在 SML 中实现 metric 算子（回归） #384

Candicepan · 2023-11-02T15:24:37Z

此 ISSUE 为隐语开源共建计划（SecretFlow Open Source Contribution Plan，简称 SF OSCP）第三期任务 ISSUE，欢迎社区开发者参与共建～
若有感兴趣想要认领的任务，但还未报名，辛苦先完成报名进行哈～

任务介绍

任务名称：在 SML 中实现 metric 算子(回归)
技术方向：SPU/SML
任务难度：进阶🌟🌟

详细要求

为 SML 增加 metric 算子（回归），包括：
ⅰ. explained_variance_score
ⅱ. mean_squared_error
ⅲ. mean_poisson_deviance
ⅳ. mean_gamma_deviance
ⅴ. d2_tweedie_score
具体功能可参考sklearn
正确性：请确保提交的代码内容为可以直接运行的
代码规范：Python 代码需要使用 black+isort 进行格式化（流水线包含代码规范检查卡点）; bazel需要使用buildifier格式化
一次认领需要实现所有算子

若有其他建议实现的算法，也可在本 ISSUE 下回复

能力要求

熟悉经典的机器学习算法
熟悉 JAX 或 NumPy，可以使用 NumPy 实现算法

操作说明

认领说明

请在认领任务后，在该 issue 下 comment 你的具体设计思路
设计思路说明：简单说明计划使用什么算法、什么技术方式进行实现

tarantula-leo · 2023-11-16T13:14:44Z

tarantula-leo Give it to me.

tarantula-leo · 2023-11-20T10:11:34Z

@deadlywing

from sklearn import metrics
import jax.numpy as jnp

import spu.spu_pb2 as spu_pb2
import spu.utils.simulation as spsim

def _mean_tweedie_deviance(y_true, y_pred, sample_weight, power):
    p = power
    if p < 0:
        # 'Extreme stable', y any real number, y_pred > 0
        dev = 2 * (
            jnp.power(jnp.maximum(y_true, 0), 2 - p) / ((1 - p) * (2 - p))
            - y_true * jnp.power(y_pred, 1 - p) / (1 - p)
            + jnp.power(y_pred, 2 - p) / (2 - p)
        )
    elif p == 0:
        # Normal distribution, y and y_pred any real number
        dev = (y_true - y_pred) ** 2
    elif p == 1:
        # Poisson distribution
        dev = 2 * (y_true * jnp.log((y_true / y_pred)) - y_true + y_pred)
    elif p == 2:
        # Gamma distribution
        dev = 2 * (jnp.log(y_pred / y_true) + y_true / y_pred - 1)
    else:
        dev = 2 * (
            jnp.power(y_true, 2 - p) / ((1 - p) * (2 - p))
            - y_true * jnp.power(y_pred, 1 - p) / (1 - p)
            + jnp.power(y_pred, 2 - p) / (2 - p)
        )
    return jnp.average(dev, weights=sample_weight)

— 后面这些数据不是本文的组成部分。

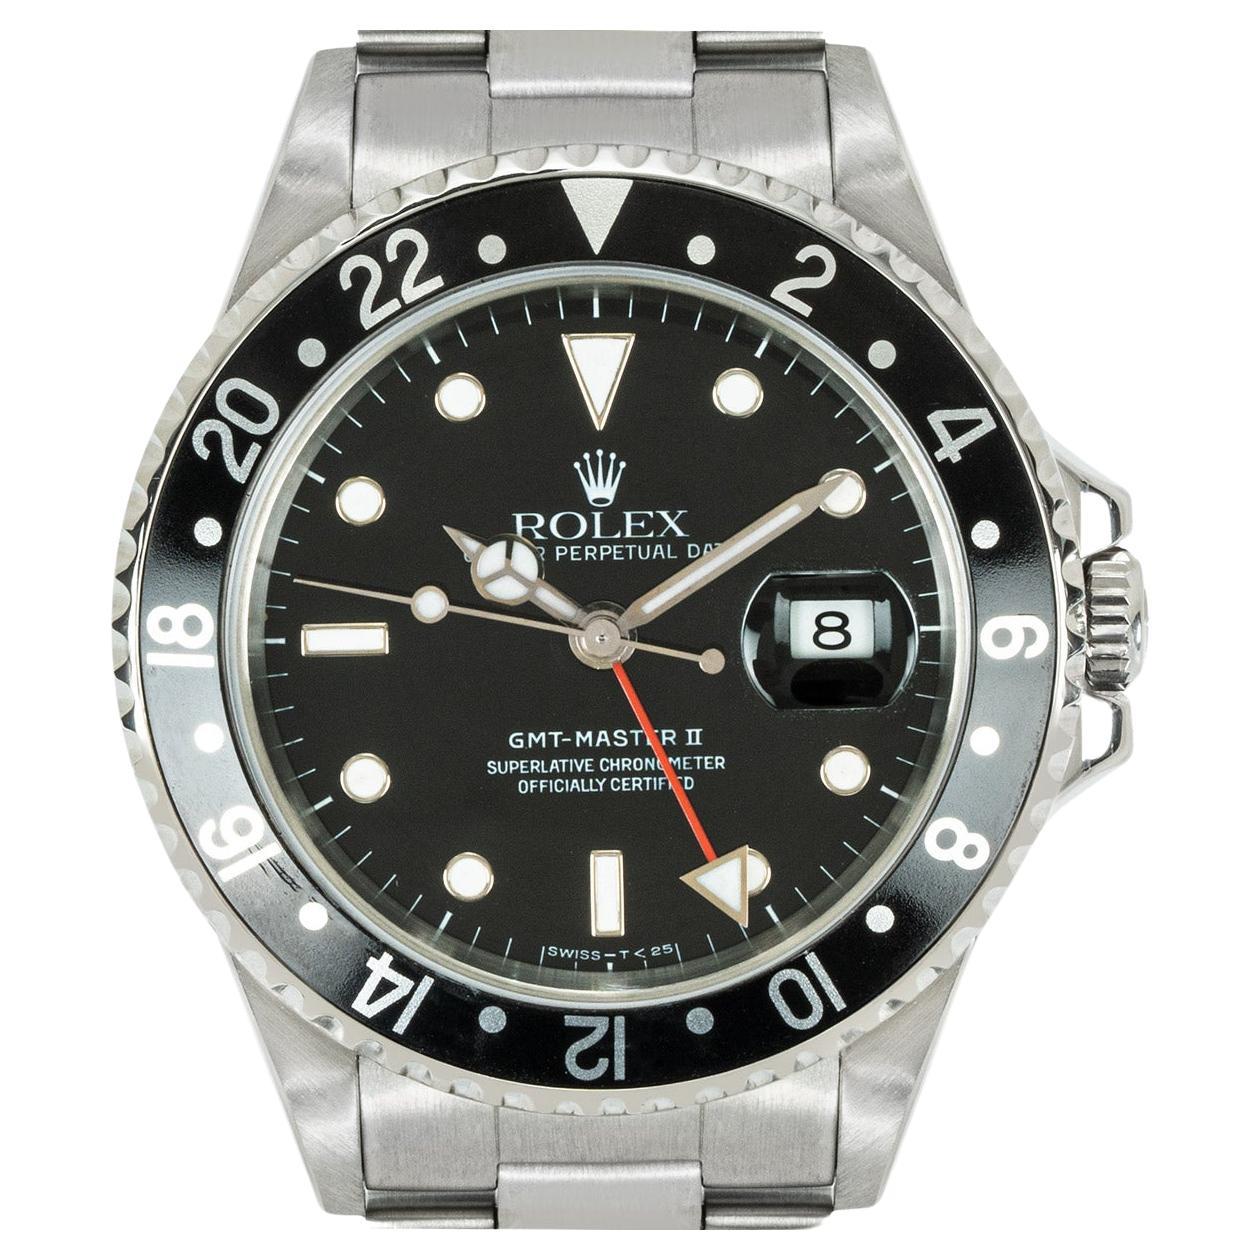 A stainless steel GMT-Master II by Rolex, featuring a black dial with a date aperture and a red second-time zone hand. The bidirectional rotatable bezel features a 24-hour display. Equipped with an Oyster bracelet set with a steel deployant clasp.

def d2_tweedie_score(y_true, y_pred, sample_weight=None, power=0):
    numerator = _mean_tweedie_deviance(y_true, y_pred, sample_weight=sample_weight, power=power)
    y_avg = jnp.average(y_true, weights=sample_weight)
    denominator = _mean_tweedie_deviance(y_true, y_avg, sample_weight=sample_weight, power=power)
    return 1 - numerator / denominator

def test_d2_tweedie_score():
    y_true = jnp.array([0.5, 1, 2.5, 7])
    y_pred = jnp.array([1, 1, 5, 3.5])
    sim = spsim.Simulator.simple(
        3, spu_pb2.ProtocolKind.ABY3, spu_pb2.FieldType.FM64
    )
    print(metrics.d2_tweedie_score(y_true, y_pred, sample_weight=jnp.array([1, 1, 1, 1]), power=1))
    print(spsim.sim_jax(sim, d2_tweedie_score, static_argnums=(3, ))(y_true, y_pred, jnp.array([1, 1, 1, 1]), 1))

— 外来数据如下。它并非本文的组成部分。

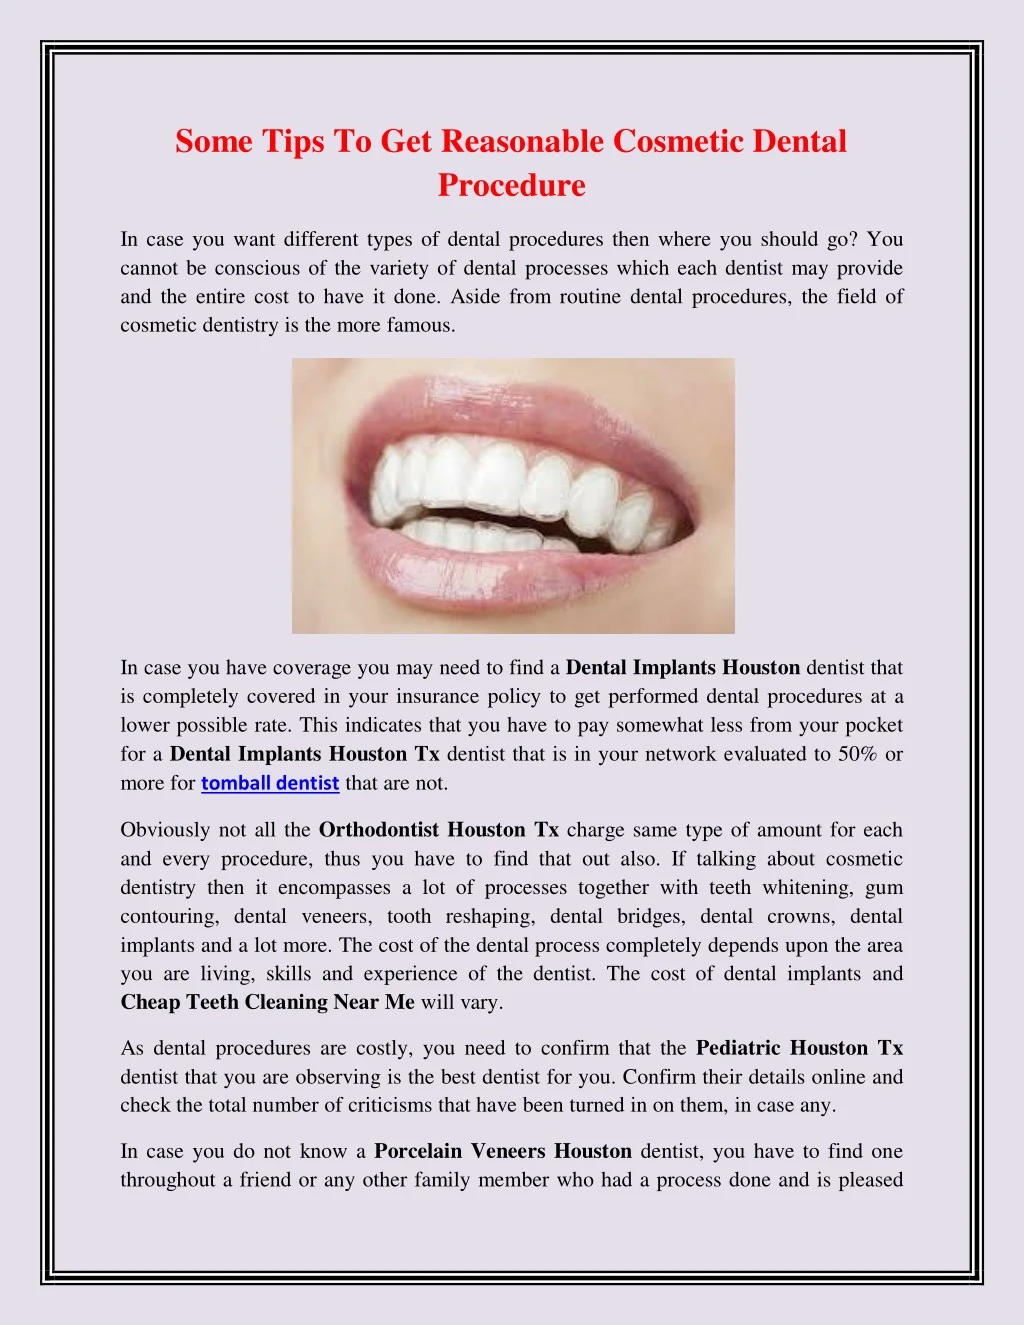 some tips to get reasonable cosmetic dental

def explained_variance_score(
    y_true,
    y_pred,
    sample_weight=None,
    multioutput="uniform_average",
):
    y_diff_avg = jnp.average(y_true - y_pred, weights=sample_weight, axis=0)
    numerator = jnp.average(
        (y_true - y_pred - y_diff_avg) ** 2, weights=sample_weight, axis=0
    )

    y_true_avg = jnp.average(y_true, weights=sample_weight, axis=0)
    denominator = jnp.average((y_true - y_true_avg) ** 2, weights=sample_weight, axis=0)
    output_scores = 1 - (numerator / denominator)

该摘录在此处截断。